● Action item: Your answer must be the lines from the one containing "Game Ready 3D" through the last line below, copied exactly, with no pictures.

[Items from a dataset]
• • • • •
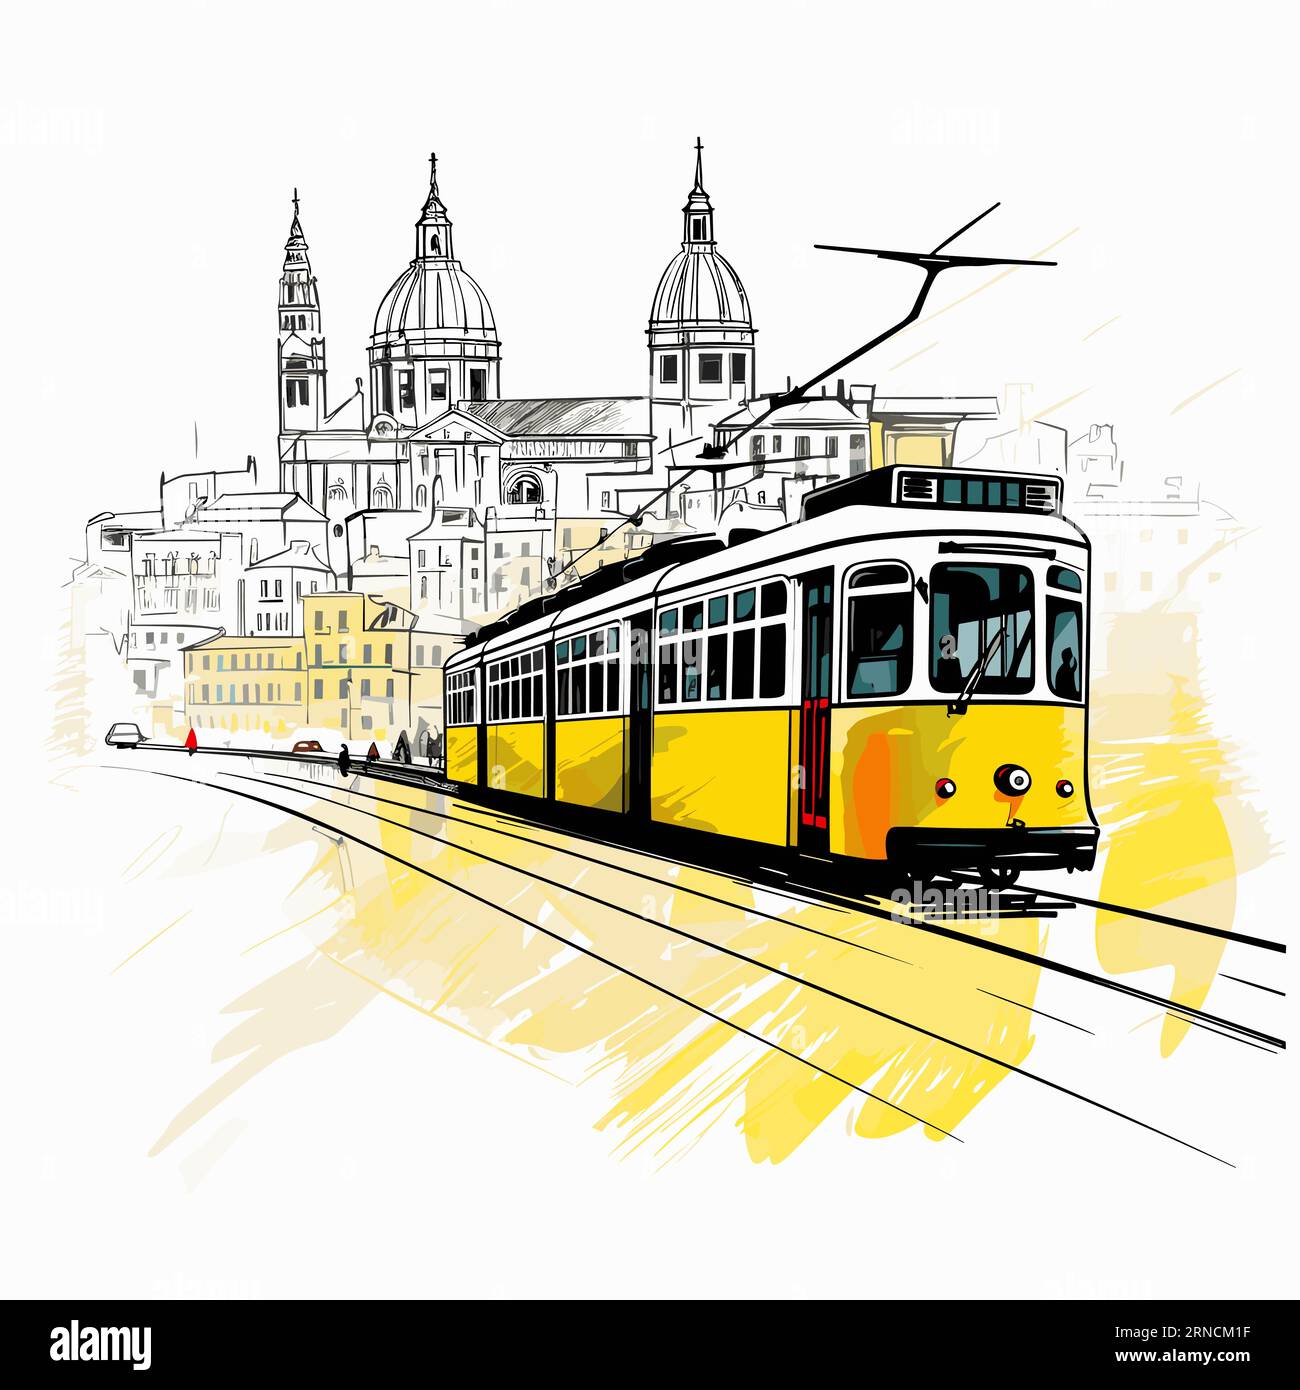 The Image Shows Tram Over Cities, In The Style Of Nostalgic Illustration, Baroque Brushwork, Yellow And Emerald, Simple Line Work, Serene Watercolors Stock Vector
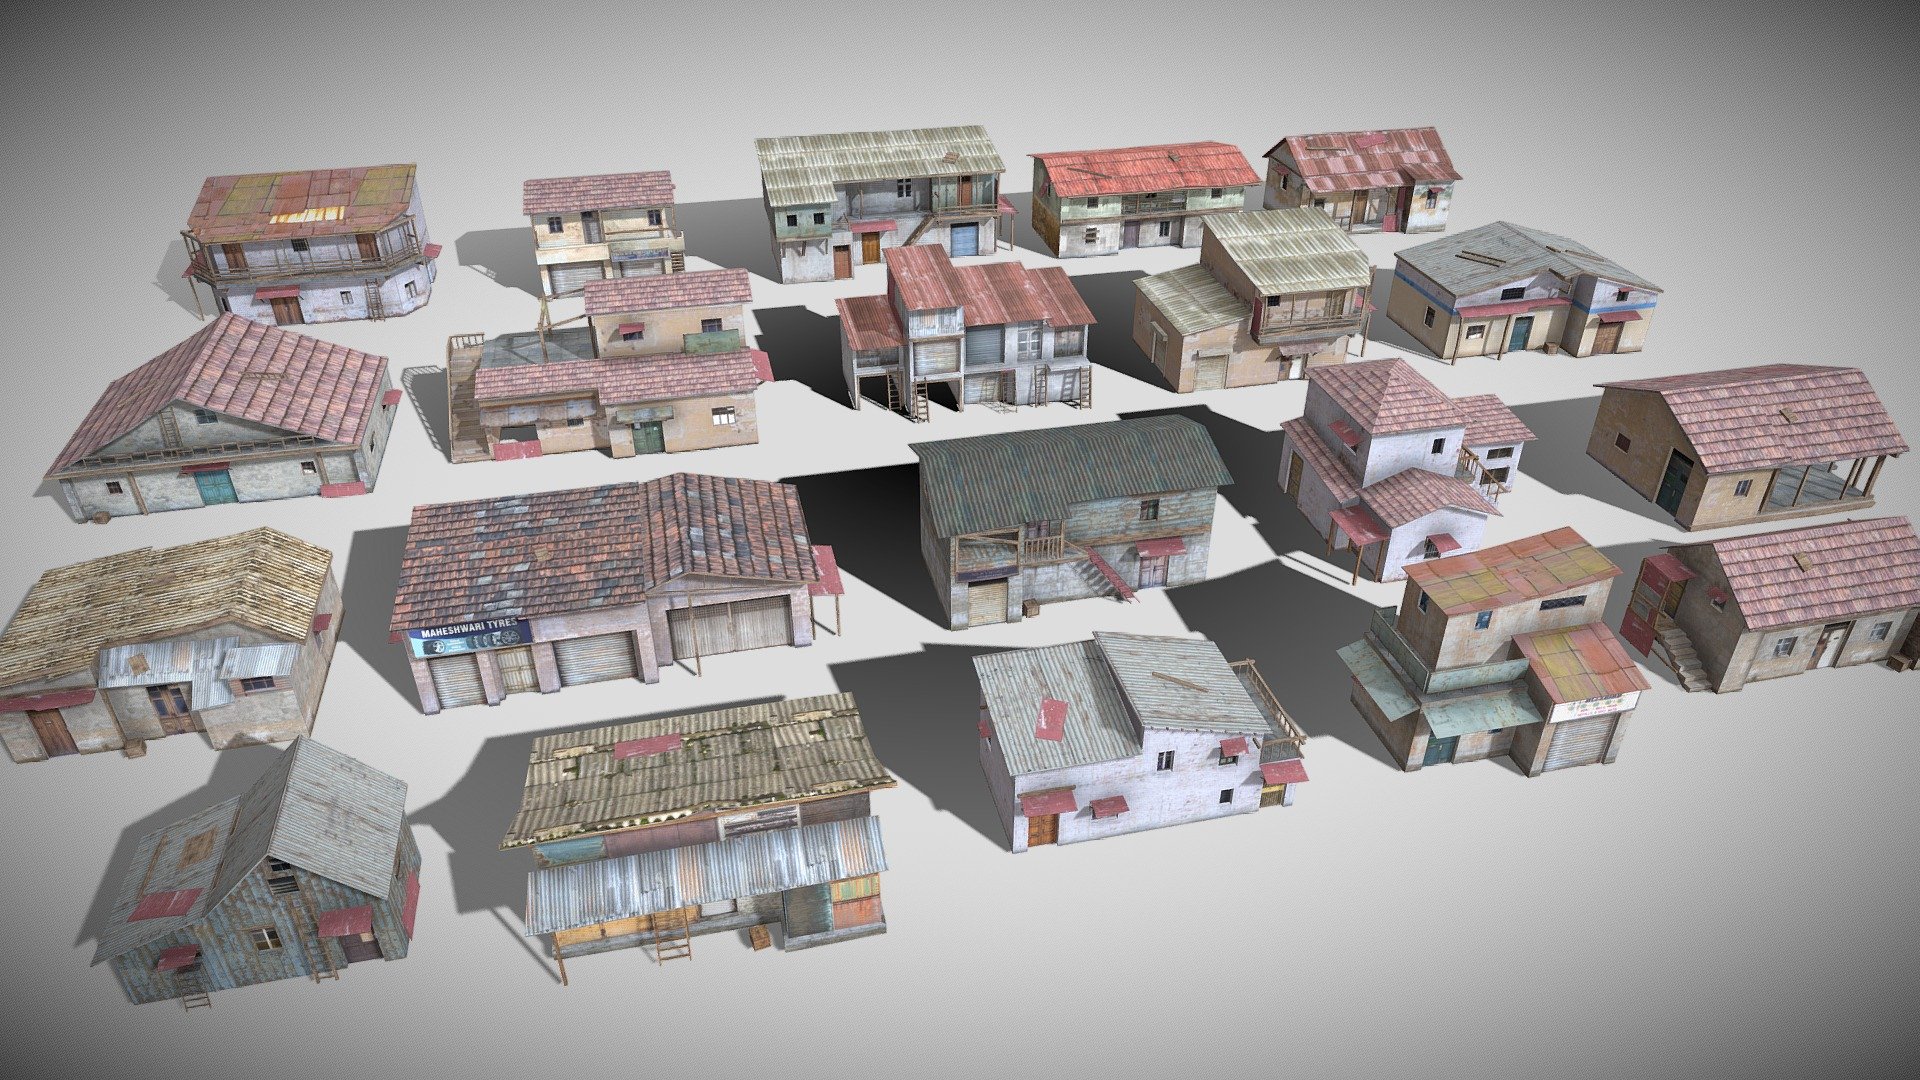 Game Ready 3D Old House /slum Native file format 3Ds max 2022 Other formats Blender 4.0 ,FBX, OBJ, All formats include materials &amp; textures

Materials &amp; textures. 20 Diffuse Map 2048x2048 - 20 Slum Collection Low poly 3D model - Buy Royalty Free 3D model by 3DRK (@3DRK98) 3d model
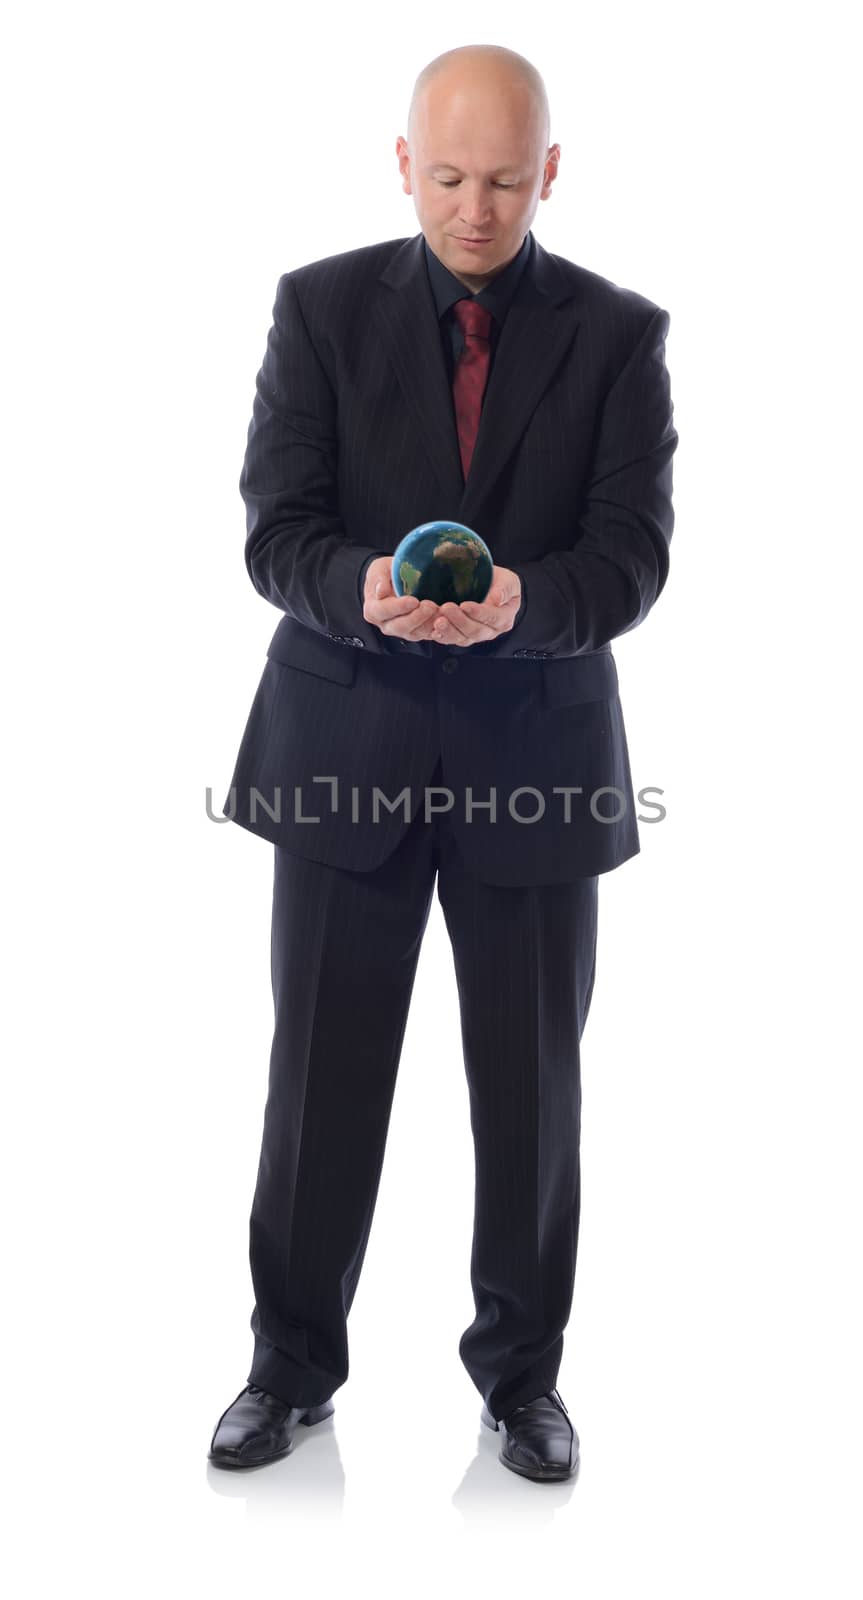 man in a suit holding the planet earth isolated on white background
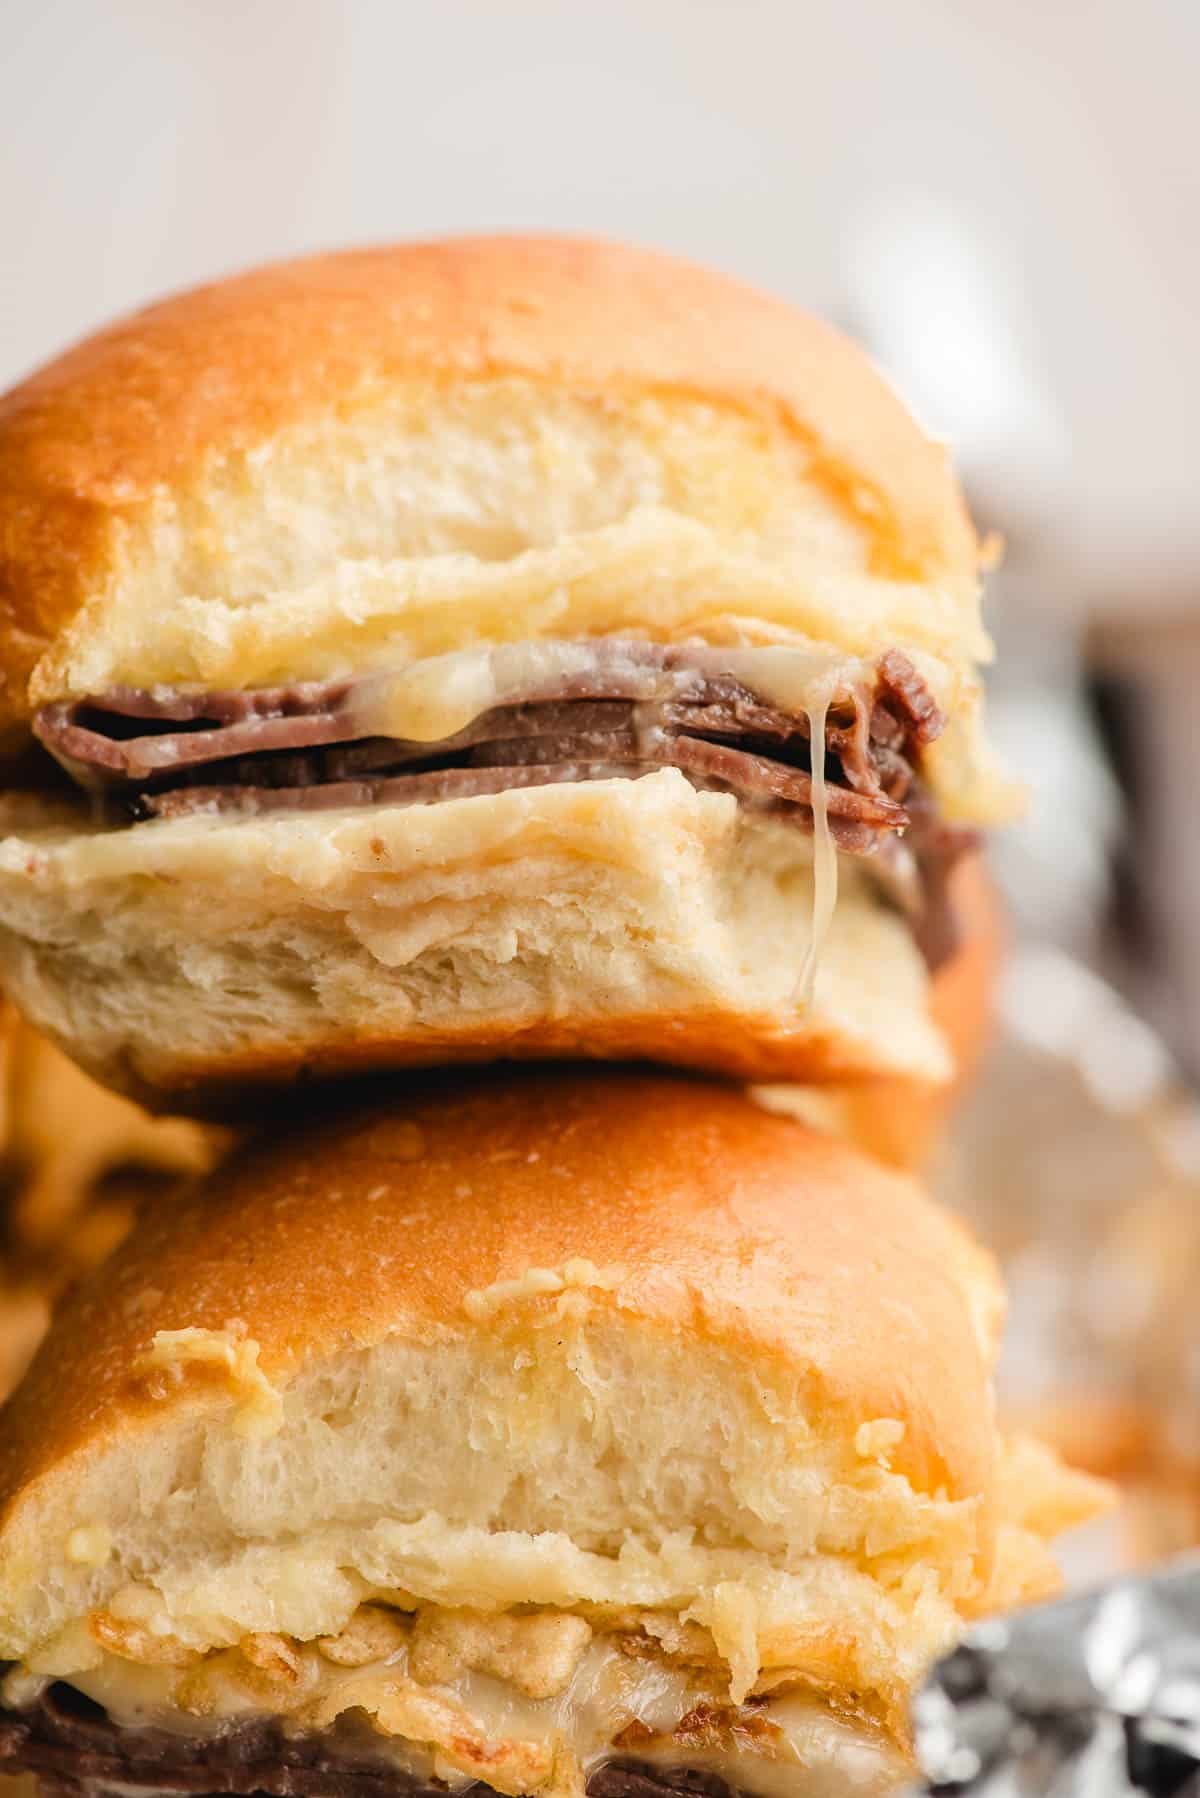 Slider with roast beef, melty white cheddar, horseradish sauce, and french fried onions.
• • • • •
● Result:
 Game Ready 3D Old House /slum Native file format 3Ds max 2022 Other formats Blender 4.0 ,FBX, OBJ, All formats include materials &amp; textures

Materials &amp; textures. 20 Diffuse Map 2048x2048 - 20 Slum Collection Low poly 3D model - Buy Royalty Free 3D model by 3DRK (@3DRK98) 3d model
 man in a suit holding the planet earth isolated on white background
 Slider with roast beef, melty white cheddar, horseradish sauce, and french fried onions.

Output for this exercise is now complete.